Now the interiors include posters and a few memorabilia displayed for patrons to admire. I especially like one of their counters where the top is shaped like an electric guitar with the hole in the middle as the trash bin. There are even strings attached to the contraption and will play, albeit out of tune since it isn't a real guitar.

Cupa Java
Brews Buddies uses Arabica beans which are less acidic than most other coffee beans.

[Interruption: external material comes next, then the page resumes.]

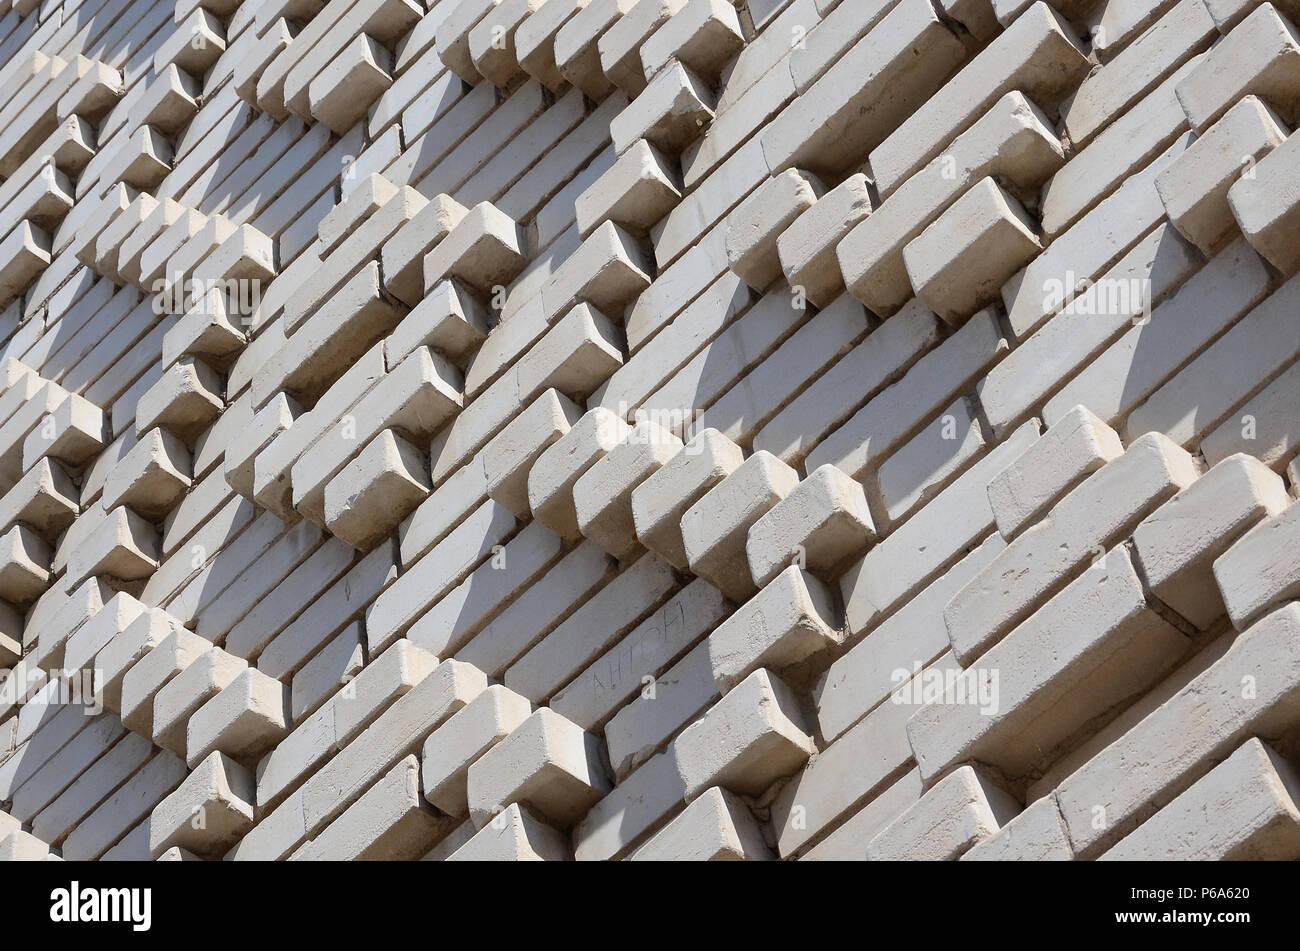 Ein Muster Der Weissen Steine In Form Von Rauten Dekoration Der

They take pride in the fact that their beans are locally sourced, "unlike other coffee shops which import their beans
(even their paper napkins), which in turn, makes it more expensive for their patrons."

They've also invested in state-of-the-line Italian espresso machines. "In other coffee shops, the machines require the baristas to time the coffee preparation, each time you order the same drink, it may not taste the same because different persons prepare and time it differently," explains Dodo, "our machines are fully calibrated and have timers, which is why each cup you get from us tastes the same."

Of course, these guys don't just leave it all to these cold, impersonal machines, they take customer feedback seriously. "We're still in the process of achieving the perfect blends for most of our drinks. We take note of what our customers tell us. It's too sweet. It's too bitter." They shared a funny anecdote where they had a friend try one of their iced coffee mixtures while it was still in the test kitchen phase, only to have him claim that it was too bitter. They all had a good laugh when they realized later on that they'd forgotten to put in the sugar that time.

Aside from Leslie, who is based in the U.S., these guys are usually in the café in late afternoons to chat with customers. Some regulars come in to share and trade information on good places to eat in the city. If you get a chance, chat these guys up; they have a plethora of recommendations on where the good places to eat are.

Regulars
Yep, regulars. This café is not even one year old yet and they already have people who come in everyday to get their usual caffeine fix. Charlie recounts how one customer used to be surly and would complain about everything, but now, "He comes in regularly, smiling and trading jokes with our lady baristas. When we see him walking in the streets, he'll wave at us."

Among their regulars, they have a vendor in nearby Divisoria who will come in every morning for her breakfast coffee to go and they have one guy who comes all the way from Makati at least every two weeks to get his taste of the place. There are a lot of offerings for people to choose, and I really like the creative names they've given their concoctions.

Desert Storms for the hot coffees and Cold Fronts for the iced coffee mixes. Aside from the usual sandwiches and cookies, Brews Buddies also offers pastries and paninis. Most of the names are play on words, like Let's Do The Twist for their cinnamon rolls and Uncle Ham for their deli ham sandwich, obviously based on Uncle Sam. They're also currently testing a new dessert that will debut soon, a coffee jelly concoction called Jelly Be Good.

Before anyone assumes that this coffee shop is American in origin, the owners are quick to dispel that notion. They do take it as a compliment that people think highly enough of their café to assume it must be a franchise of some sort. The flipside of this is that, "We've actually received inquiries for franchising," confides Dodo.

For now, they're still improving what they have to offer. They've recently started delivery service for the Binondo and Escolta areas, good news for the downtown yuppies who need their caffeine for the day. They also offer the second floor for business meetings and other special functions like birthday parties and even occasional Bible study sessions. The shop closes around 8 PM on most evenings but can accommodate special requests from big groups to stay open late.